Output 45.15.5: Results from ESTIMATE Statements

Estimates
Label Estimate Standard
Error
DF t Value Pr > |t|
Group 1, x=20 0.6915 0.09546 86 7.24 <.0001
Group 2, x=20 0.7175 0.07953 86 9.02 <.0001
Diff at x=20 -0.02602 0.1243 86 -0.21 0.8346



The group comparisons you can achieve in this way are comparable to slices of interaction effects with classification effects. There are, however, no preset number of levels at which to perform the comparisons because x is continuous. If you add further x values for the comparisons, a multiplicity correction is in order to control the familywise Type I error. The following statements compare the groups at values $x=0, 5, 10, \ldots , 80$ and compute simulation-based step-down-adjusted p-values.
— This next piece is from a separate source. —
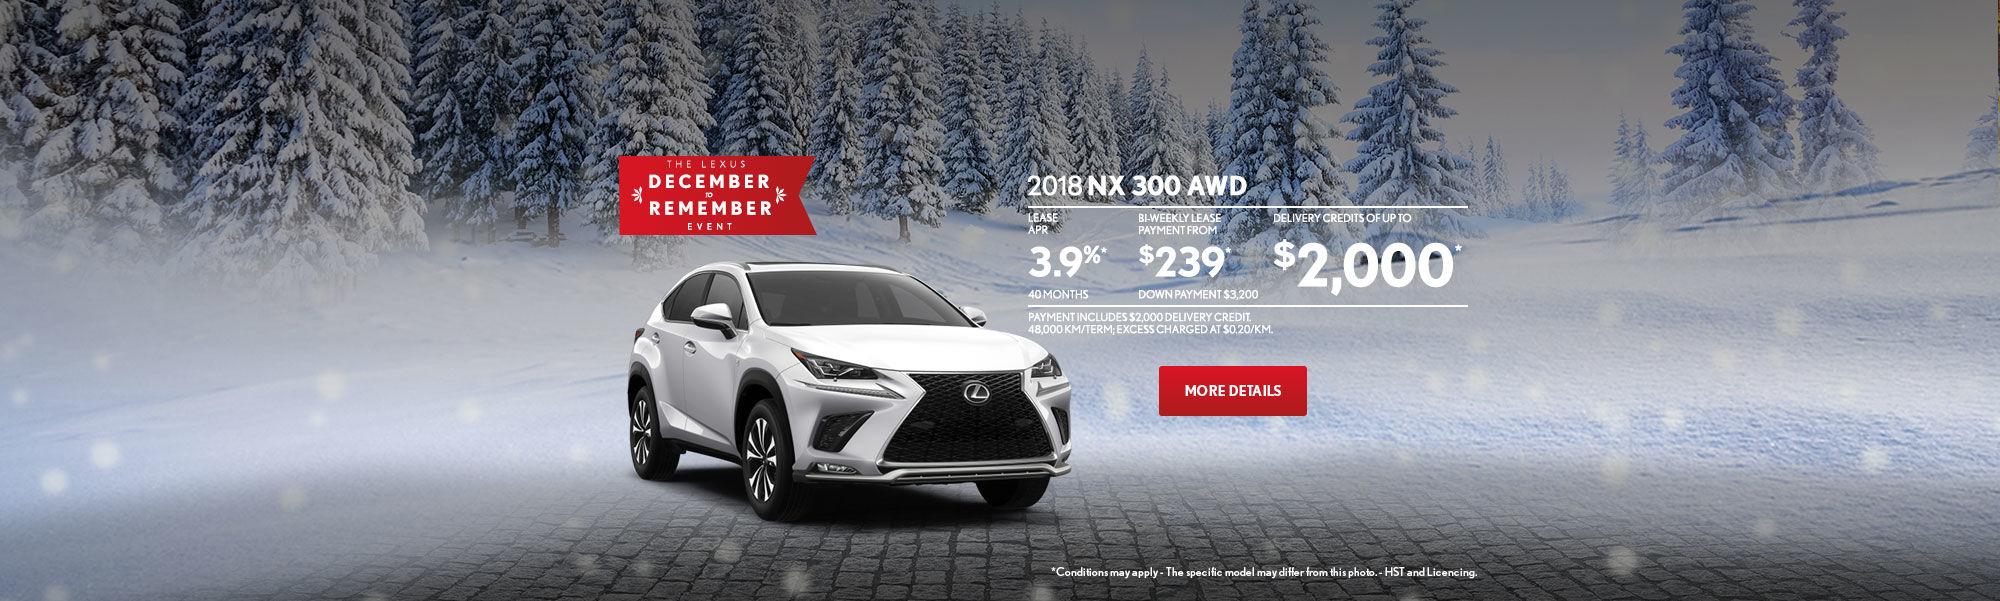 Lexus NX December

The results appear in Output 45.15.6. (The numeric results for simulation-based p-value adjustments depend slightly on the value of the random number seed.)

ods select Estimates;
proc glimmix data=spline;
   class group;
   effect spl = spline(x);
   model y = group spl*group / s;
   estimate 'Diff at x= 0' group 1 -1 group*spl [1,1  0] [-1,2  0],
            'Diff at x= 5' group 1 -1 group*spl [1,1  5] [-1,2  5],
            'Diff at x=10' group 1 -1 group*spl [1,1 10] [-1,2 10],
            'Diff at x=15' group 1 -1 group*spl [1,1 15] [-1,2 15],
            'Diff at x=20' group 1 -1 group*spl [1,1 20] [-1,2 20],
            'Diff at x=25' group 1 -1 group*spl [1,1 25] [-1,2 25],
            'Diff at x=30' group 1 -1 group*spl [1,1 30] [-1,2 30],
            'Diff at x=35' group 1 -1 group*spl [1,1 35] [-1,2 35],
            'Diff at x=40' group 1 -1 group*spl [1,1 40] [-1,2 40],
            'Diff at x=45' group 1 -1 group*spl [1,1 45] [-1,2 45],
            'Diff at x=50' group 1 -1 group*spl [1,1 50] [-1,2 50],
            'Diff at x=55' group 1 -1 group*spl [1,1 55] [-1,2 55],
            'Diff at x=60' group 1 -1 group*spl [1,1 60] [-1,2 60],
            'Diff at x=65' group 1 -1 group*spl [1,1 65] [-1,2 65],
            'Diff at x=70' group 1 -1 group*spl [1,1 70] [-1,2 70],
            'Diff at x=75' group 1 -1 group*spl [1,1 75] [-1,2 75],
            'Diff at x=80' group 1 -1 group*spl [1,1 80] [-1,2 80] /
            adjust=sim(seed=1) stepdown;
run;

Output 45.15.6: Estimates with Multiplicity Adjustments

The GLIMMIX Procedure

Estimates
Adjustment for Multiplicity: Holm-Simulated
Label Estimate Standard
Error
DF t Value Pr > |t| Adj P
Diff at x= 0 12.4124 4.2130 86 2.95 0.0041 0.0210
Diff at x= 5 1.0376 0.1759 86 5.90 <.0001 <.0001
Diff at x=10 0.3778 0.1540 86 2.45 0.0162 0.0554
Diff at x=15 0.05822 0.1481 86 0.39 0.6952 0.9043
Diff at x=20 -0.02602 0.1243 86 -0.21 0.8346 0.9578
Diff at x=25 0.02014 0.1312 86 0.15 0.8783 0.9578
Diff at x=30 0.1023 0.1378 86 0.74 0.4600 0.7419
Diff at x=35 0.1924 0.1236 86 1.56 0.1231 0.2890
Diff at x=40 0.2883 0.1114 86 2.59 0.0113 0.0465
Diff at x=45 0.3877 0.1195 86 3.24 0.0017 0.0098
Diff at x=50 0.4885 0.1308 86 3.74 0.0003 0.0022
Diff at x=55 0.5903 0.1231 86 4.79 <.0001 <.0001
Diff at x=60 0.7031 0.1125 86 6.25 <.0001 <.0001
Diff at x=65 0.8401 0.1203 86 6.99 <.0001 <.0001
Diff at x=70 1.0147 0.1348 86 7.52 <.0001 <.0001
Diff at x=75 1.2400 0.1326 86 9.35 <.0001 <.0001
Diff at x=80 1.5237 0.1281 86 11.89 <.0001 <.0001



There are significant differences at the low end and high end of the x range. Notice that without the multiplicity adjustment you would have concluded at the 0.05 level that the groups are significantly different at x = 10. At the 0.05 level, the groups separate significantly for $x < 10$ and $x > 40$.